Солдатик посмотрел на меня, я на него.
— Слышь, в полицию ступай! — сказал Чубук.
Он помялся, помялся, стукнул ногой, сделал направо кругом и ушел. Баба жаловалась, что сыну не выходит «ослобождение» от «некрутчины». «Ослобонить ослобонили, потому — негодный, спина кривая, а бумаги из правления не дають и сына не отпущають, а она проелась, жимши в городе...» и т. д.
— Пожалуйте к его превосходительству! — раздалось сзади меня.
Я попросил — или, виноват, «поручил» одному из чиновников разобрать просителей и пошел наверх. Тем и заключился первый мой дебют на службе.

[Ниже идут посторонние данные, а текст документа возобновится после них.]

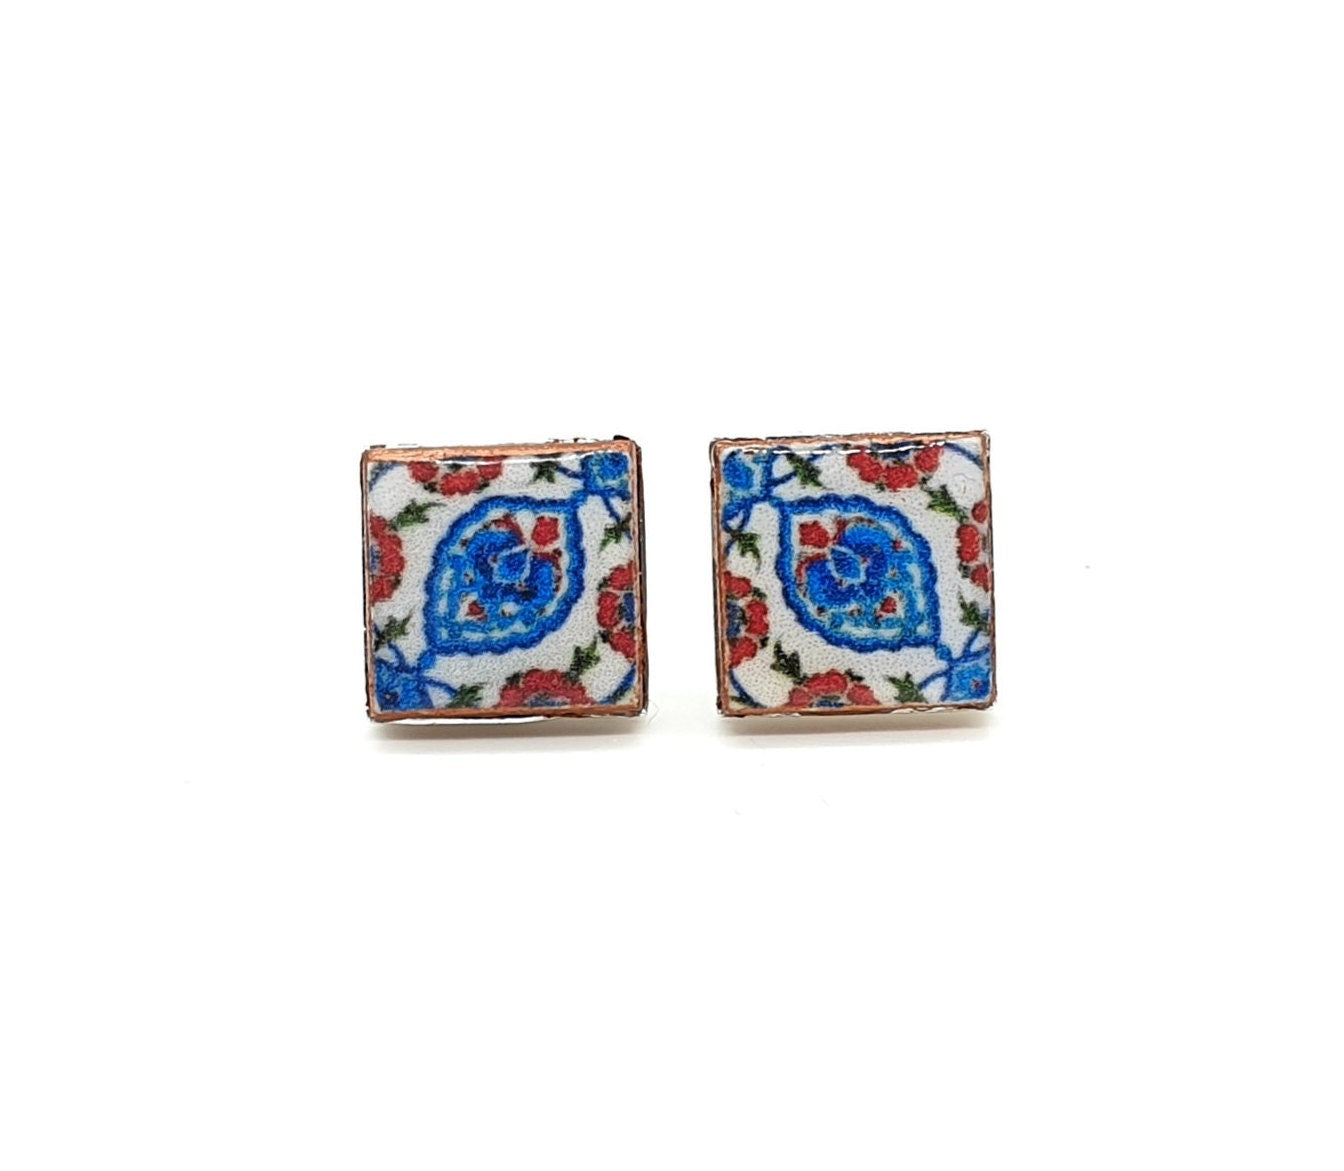 ELIF - Turkish Blue Red Tile Earrings

— C’est charmant![46] Это любезно, что послушались! — встретил меня губернатор, не подавая руки. — Присядьте. Не хотите ли позавтракать?
Перед ним стоял поднос с закусками: икрой, селедкой, дымилась котлетка. Я отговаривался, что завтракал, да и предложение, казалось мне, сделано было таким голосом, чтобы его не принять.
Я стал каждый день являться в канцелярию — и сделался одним из колес губернской административной машины, да еще каким важным! Недели через две мне дома со смехом передали, что наш повар даже стращал моим именем какого-то несговорчивого торговца мясом и дичью.
Но главным, хотя и негласным воротилой в делах остался все-таки Добышев А я накупил побольше перчаток, белых галстуков и выписал еще пару платья из Москвы. Это оказалось самым важным делом в моей службе.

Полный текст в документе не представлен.